You agree to comply with the California Consumer Privacy Act of 2018 (codified at Cal. Civ. Code § 1798.100, et seq.) ("'CCPA") and all regulations and judicial opinions issued related thereto including, but not limited to, the requirement in Cal. Civ. Code§ 1798.1l5(d) that Client will not further sell Personal Information, as defined in the CCPA, unless the consumer to whom such Personal Information relates was provided explicit notice and an opportunity to exercise their right to opt­ out, and the requirement in Cal. Civ. Code § 1798.120(d) that Client not sell Personal Information of consumers who have opted-out of the sale of their Personal Information by Client. For purposes of this Agreement, “Personal Information” shall have the same meaning as such term under the CCPA, and generally meaning information that identifies, relates to, describes, is capable of being associated with, or could reasonably be linked, directly or indirectly, with a particular person or household, including, but not limited to, name, contact information, and IP address.

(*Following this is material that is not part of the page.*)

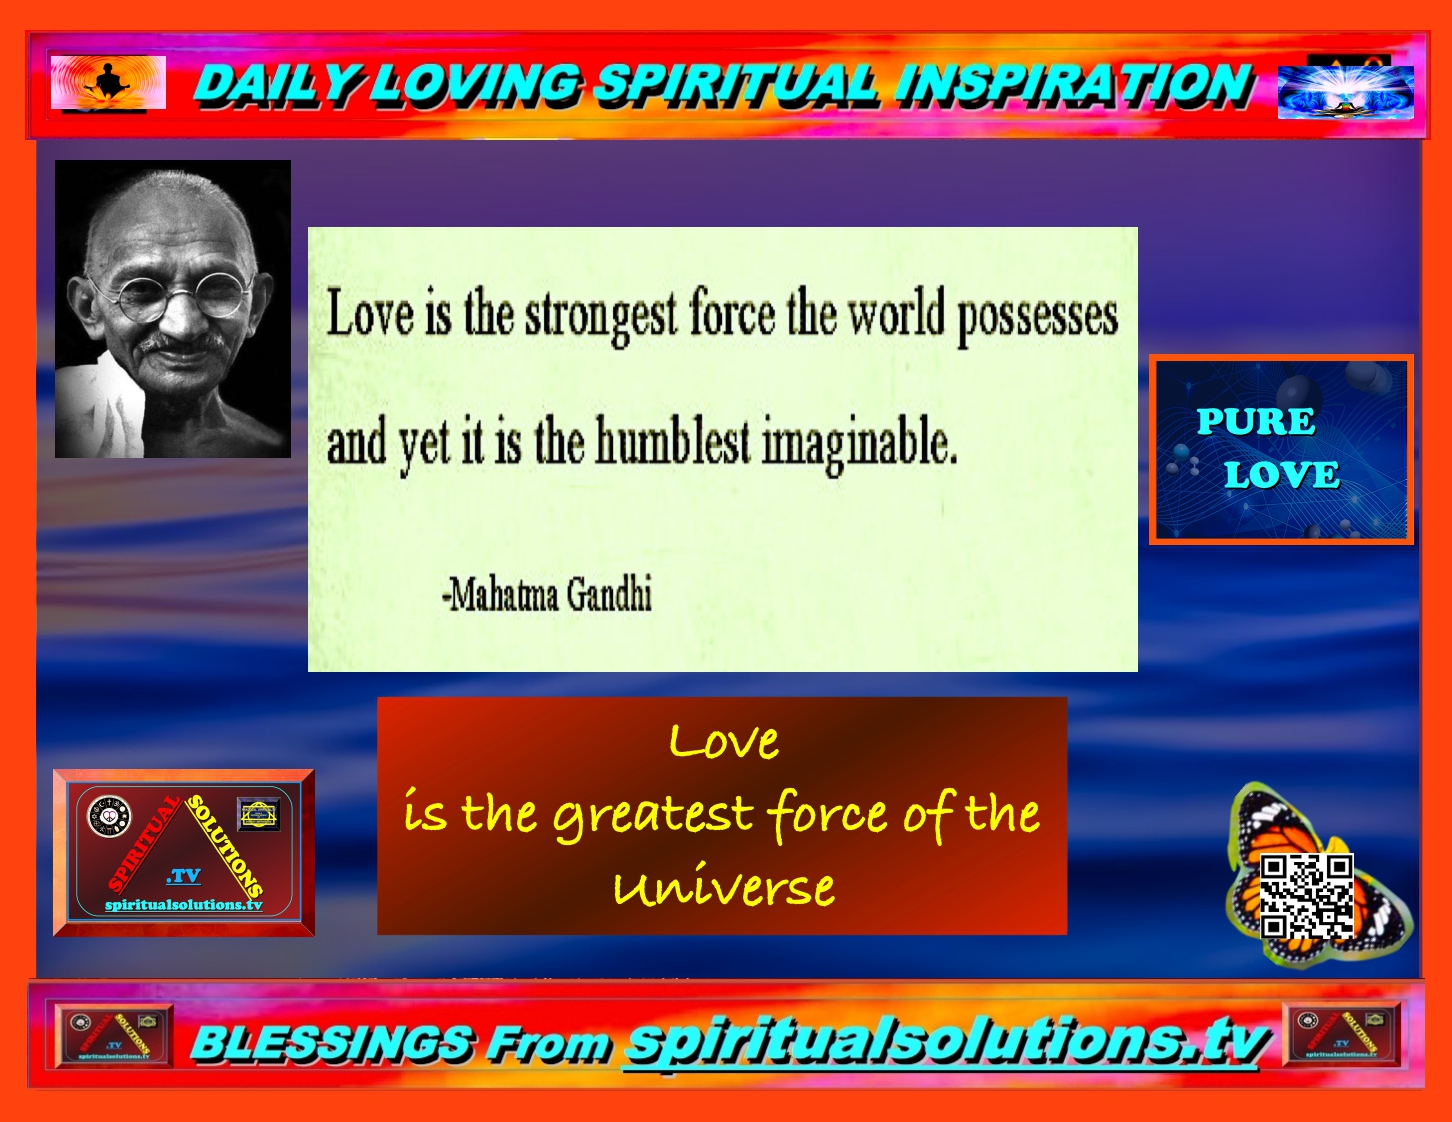 ==========================================DLSI-1-18-23-ECKHART-YOU-ARE-THE-LOVE-AND-JOY-UNDER-THE-PAIN========================================================================DLSI-1-18-23-ECKHART-YOU-ARE-THE-LOVE-AND-JOY-UNDER-THE-PAIN==

Confidentiality  You agree that the financial terms and conditions of this Agreement including, but not limited to, any and all information provided by Buyer to Seller are strictly confidential. Neither party will knowingly publicize or disclose or cause or knowingly permit or authorize the publicizing or disclosure of the financial terms and conditions of this Agreement for any reason, at any time, without the prior written consent of the other party, except as required by law in connection with Buyer’s status as a reporting company regulated by the Securities and Exchange Commission or as required to perform that party’s obligations pursuant to this Agreement. Notwithstanding the above, the parties may disclose information to their legal counsel, personal tax advisor or professional tax advisor, employees or agents who have a need to know, or as may be required by law. The parties agree, to the extent not prohibited under law, to instruct those to whom disclosure is allowed under this Agreement that its terms are confidential and must not be further disclosed.
Jurisdiction Unless you represent a state or Federal government or one of their authorized agencies, this Agreement shall be governed by and construed and enforced in accordance with the laws of the state of California, without regard to its conflicts of law principles. Each of the parties hereby consents to the exclusive jurisdiction of the courts of the state of California, with respect to any and all disputes relating to this Agreement.

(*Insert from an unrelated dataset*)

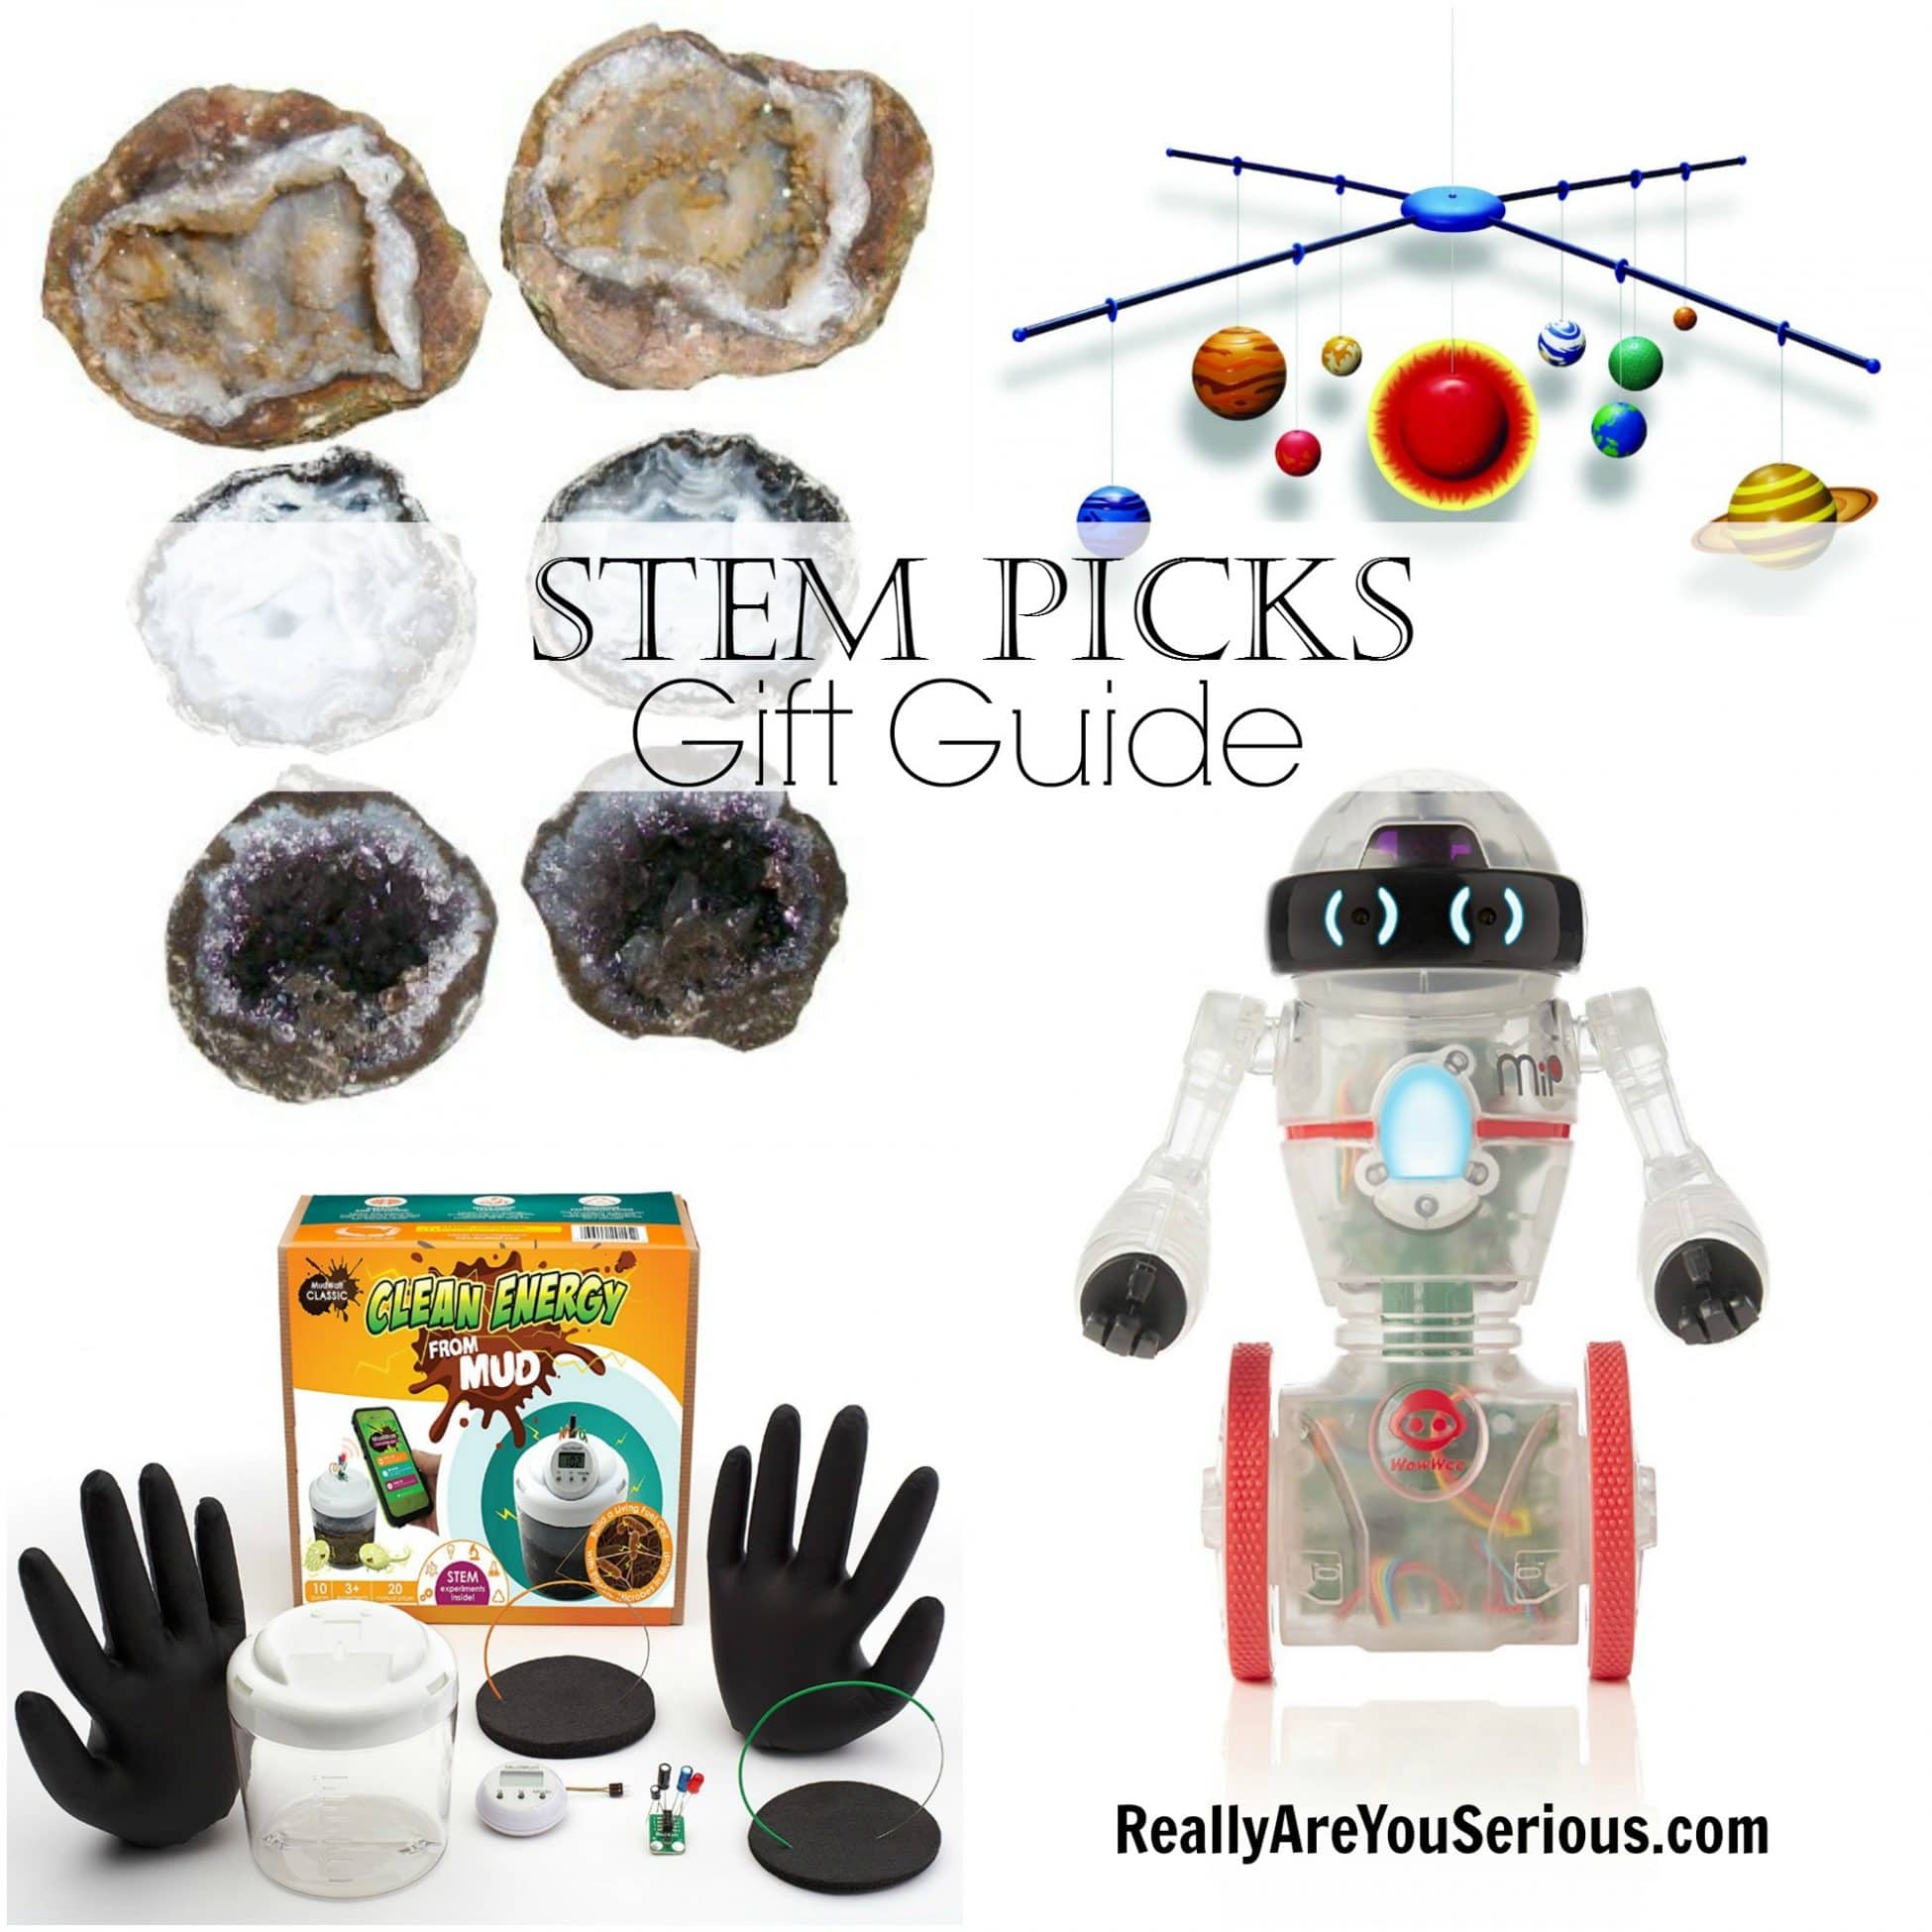 STEM picks for holiday gifts for kids

General This Agreement and the Invoice defining The Data and/or The Services are the entire understanding of the parties and merge all prior communications, understandings, and agreements whether written or oral.  This Agreement and the Invoice shall not be modified except by a subsequently dated written amendment, signed on behalf of both parties by their duly authorized representatives.  You may not assign or transfer this Agreement, whether in whole or in part, or any of its rights, duties or obligations arising under this Agreement without the prior written consent of Enrola Media.  Any attempted assignment without such written consent will be null and void.

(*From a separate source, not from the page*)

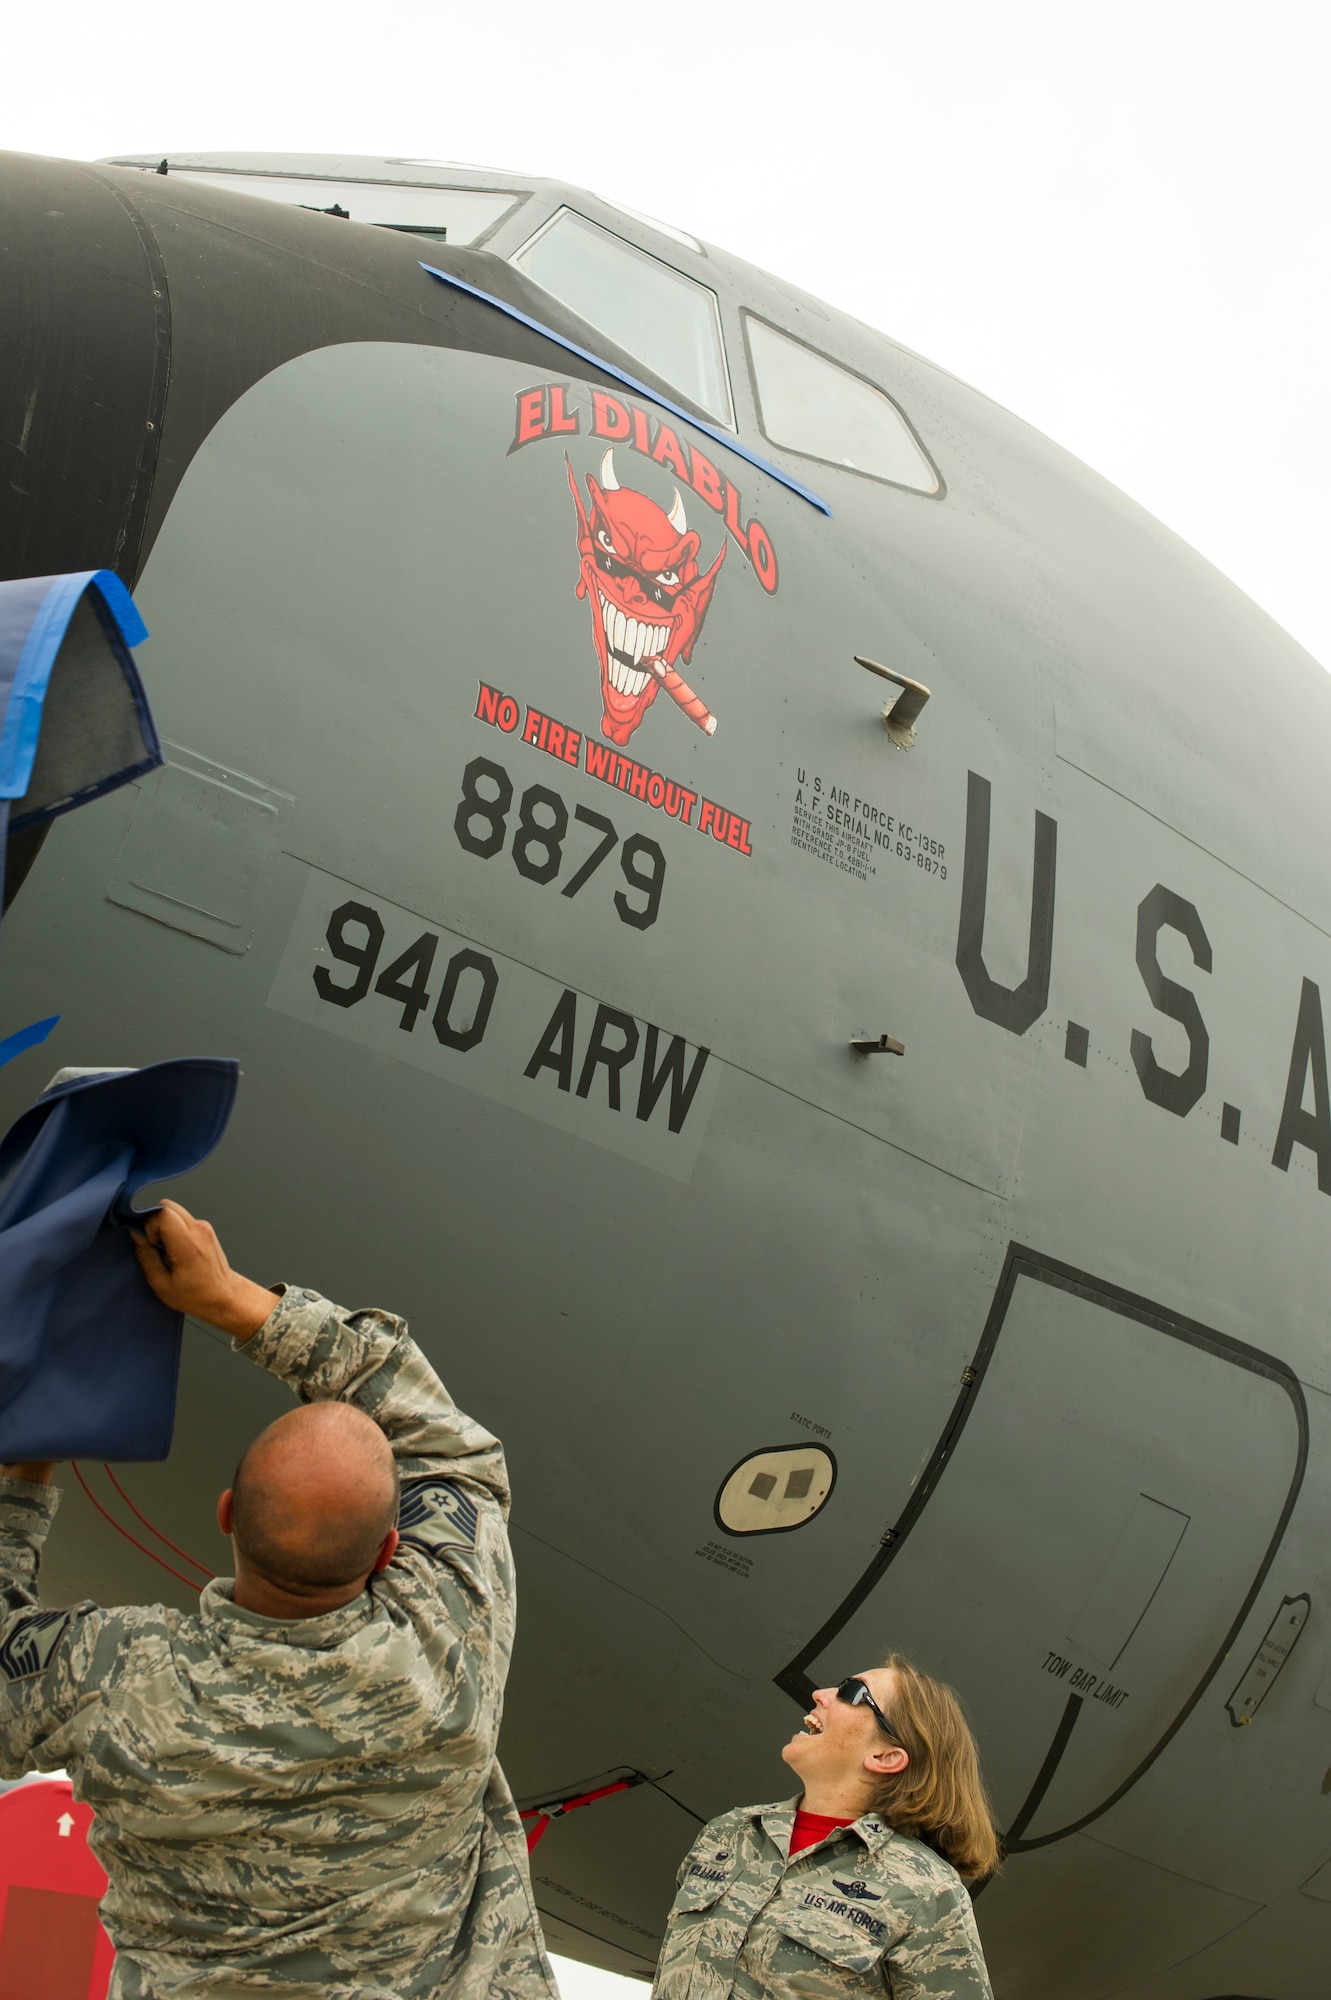 Master Sgt. Joe Simpson, 940th Aircraft Maintenance Squadron dedicated crew chief, and Col. Stephanie W. Williams, 940th Air Refueling Wing commander, uncover the “El Diablo” nose art on a KC-135 Stratotanker May 5 at Beale Air Force Base, California.

Failure by either party to enforce at any time or for any period of time any provision or right hereunder shall not constitute a waiver of such provision or of the right of such party thereafter to enforce each and every such provision. The provisions of this Agreement are independent of and severable from each other, and no provision shall be affected or rendered invalid or unenforceable by virtue of the fact that any other provision hereof is determined to be invalid or unenforceable in whole or in part.
All sales of data and/or services are final and non-refundable. You are responsible for remitting any sales or use taxes, if applicable.